What’s happening in K-12 foodservice?
A lot is happening, and it’s not good.
“During the 2021-22 school year, we have seen substantial price increases, especially on commodity items– a 11% increase in chicken, 3% increase in beef, 7% increase in eggs, and a 13% increase in pizza. Fresh bakery items have risen 10%. Milk prices have gone up 26%. There has been a 60% increase in foam plates, 27% increase in foil, 16% increase in straws, and a 10-13% increase in plastic utensils,” said Kelly Taylor, Child Nutrition Coordinator for the Central Indiana Educational Services Center (CIESC). The CIESC helps Indiana districts procure food service supplies.
“The 2022-23 school year will see double-digit increases on top of these for chicken, beef, eggs, pizza and milk,” Taylor continued.
These increases are combined with record-high fuel costs resulting in fuel surcharges on deliveries. Not to mention, school districts are already low-margin clients for foodservice providers, so some suppliers are reducing or not providing services at all. “It has been a true test to get healthy meals on the table for our students,” Taylor said. “Over the past year, food service directors have been the unsung heroes of districts.”

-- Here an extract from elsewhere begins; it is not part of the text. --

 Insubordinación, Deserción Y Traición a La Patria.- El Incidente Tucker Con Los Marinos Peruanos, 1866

When the National School Lunch Program (NSLP) and School Breakfast Program (SBP) began, many districts experienced large numbers of new participants. Now, foodservice directors wish they had a crystal ball to estimate next year’s numbers, to budget and manage those budgets appropriately. But they don’t.
What can districts do?
In most cases, foodservice budgets are separate from operating budgets. And while funds can be transferred to offset budget deficits, this creates additional accounting effort and is not sustainable in the long term. There are several tactics, however, that may help districts avoid going into the red.
1. Streamline the menu.
It’s not popular to cut choices, but it may be a solution short-term. Be up-front with stakeholders about the challenges you’re facing, and clearly communicate that while this is not a preferred action, it is necessary to get back on track.

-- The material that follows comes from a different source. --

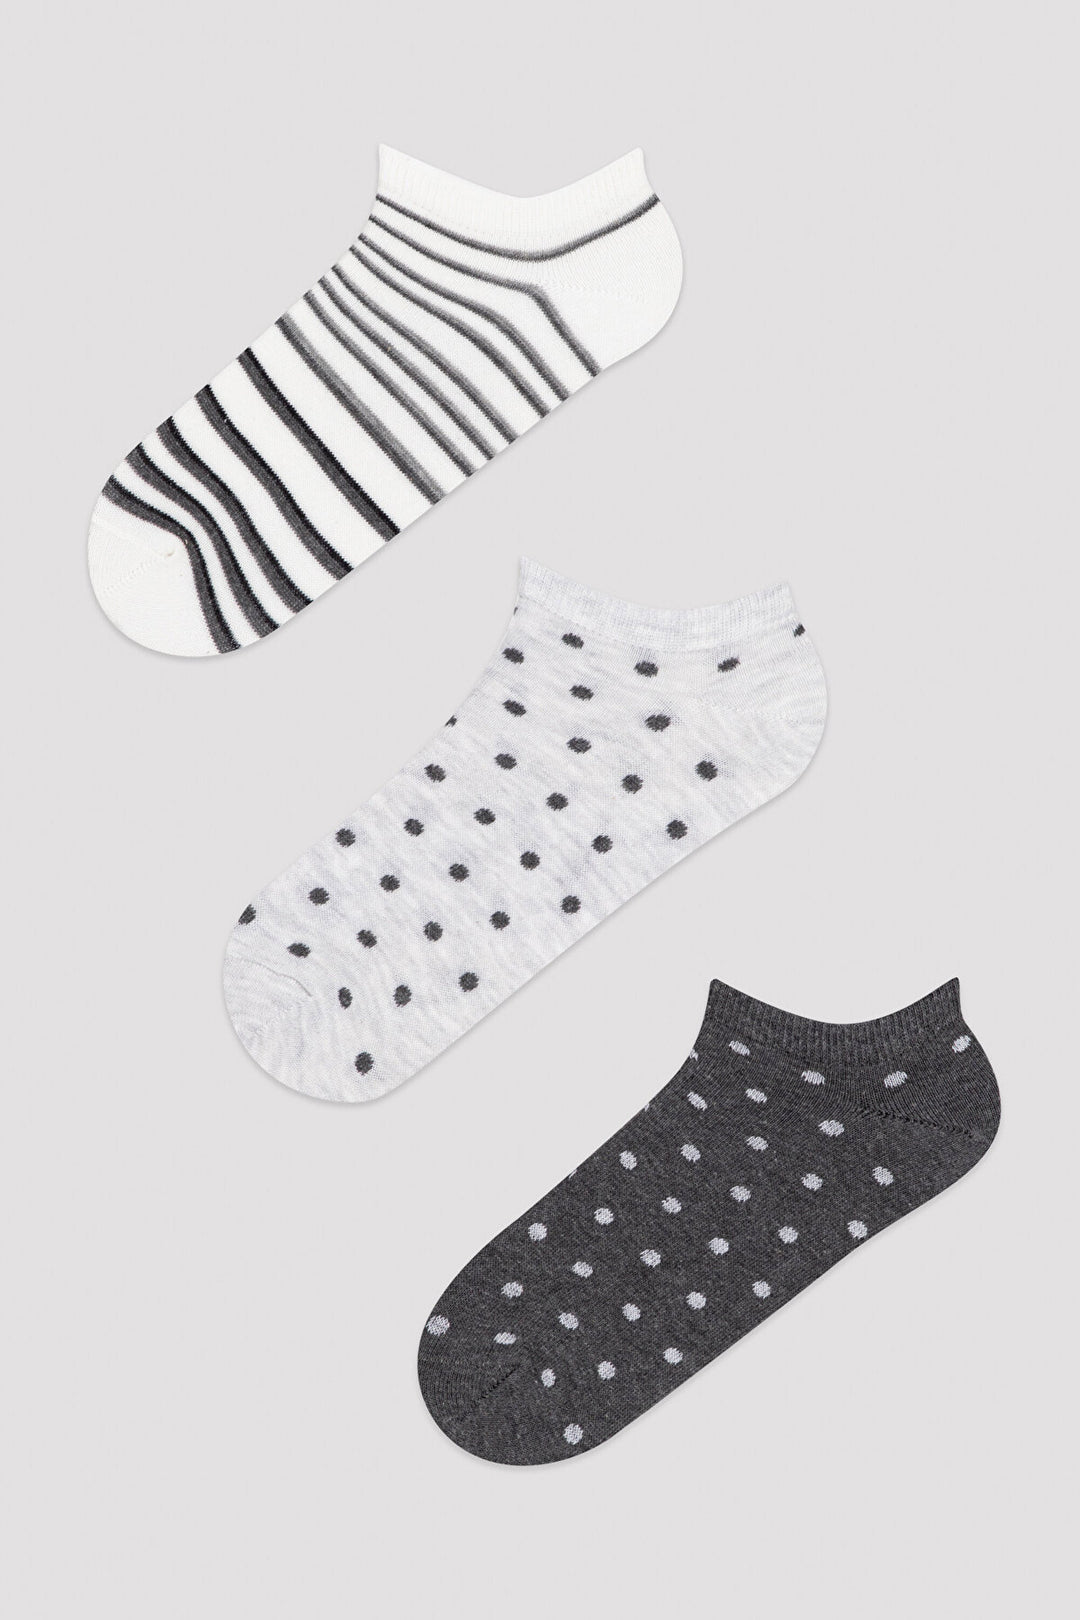 Dot Stripe 3In1 Liner Socks
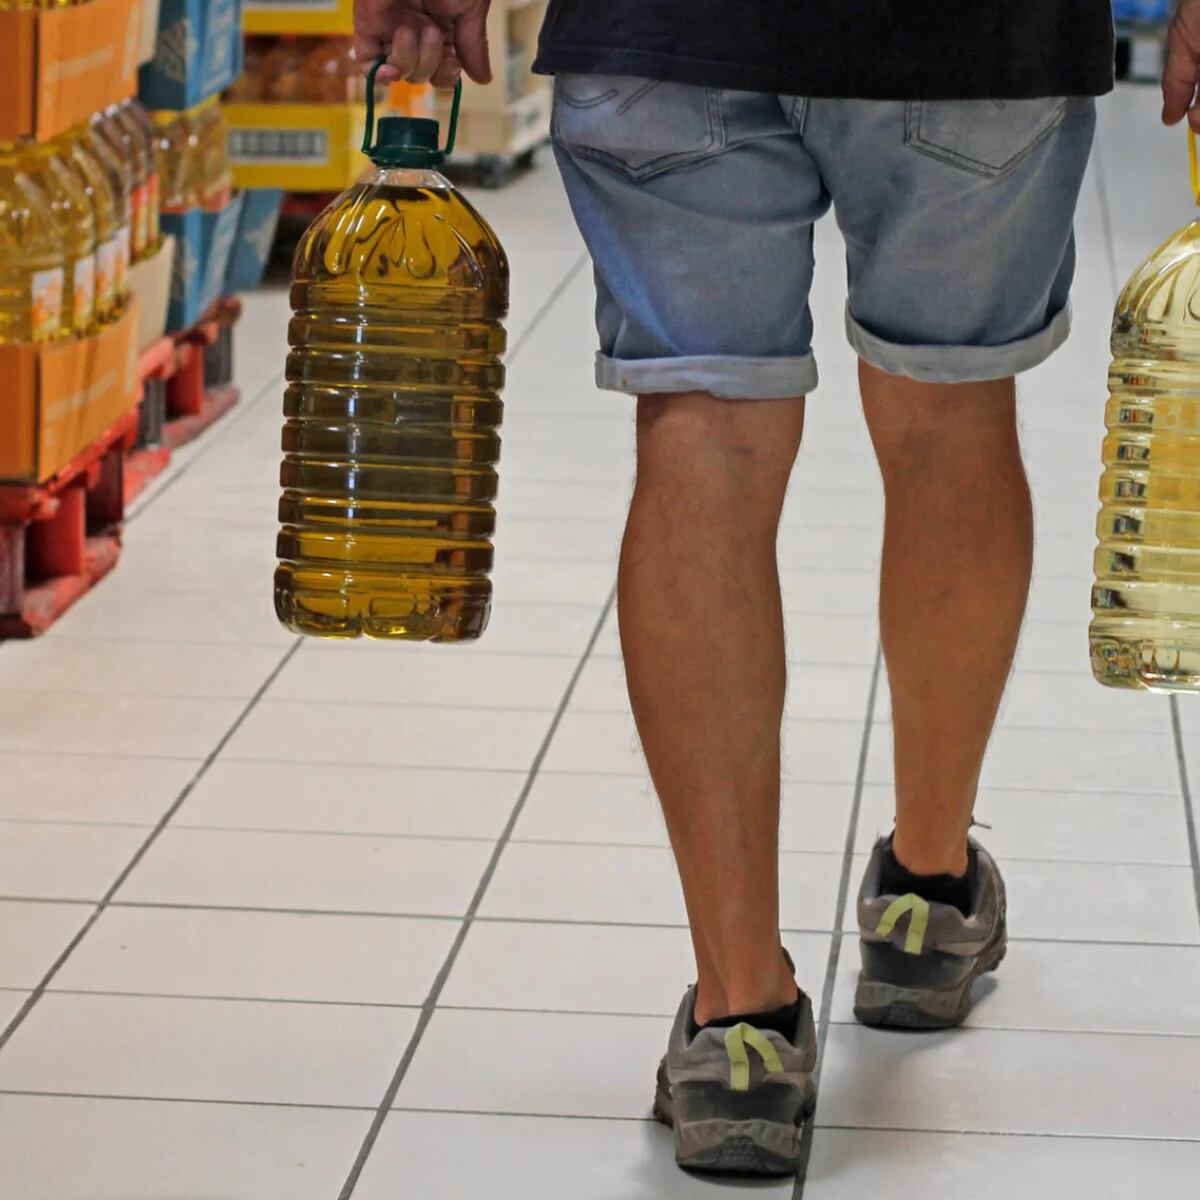 El Corte Inglés vende en Portugal su garrafa de aceite de oliva 14 euros  más barata que en España, según Facua

2. Better manage indirect services.
Mitigate increases in direct costs by better controlling indirect costs like utilities, office supplies, equipment, allocations for administrative support and rent.
3. Optimize your group purchasing.
According to Taylor, about 95% of Indiana districts are members of a co-op. These partnerships combine purchasing power and incent vendors to stand up for your district in the marketplace. A strategic sourcing partner can also help get the most value from your vendors.
We all know that a well-balanced, healthy meal makes our bodies work most efficiently. Isn’t it time to make your foodservice budget match?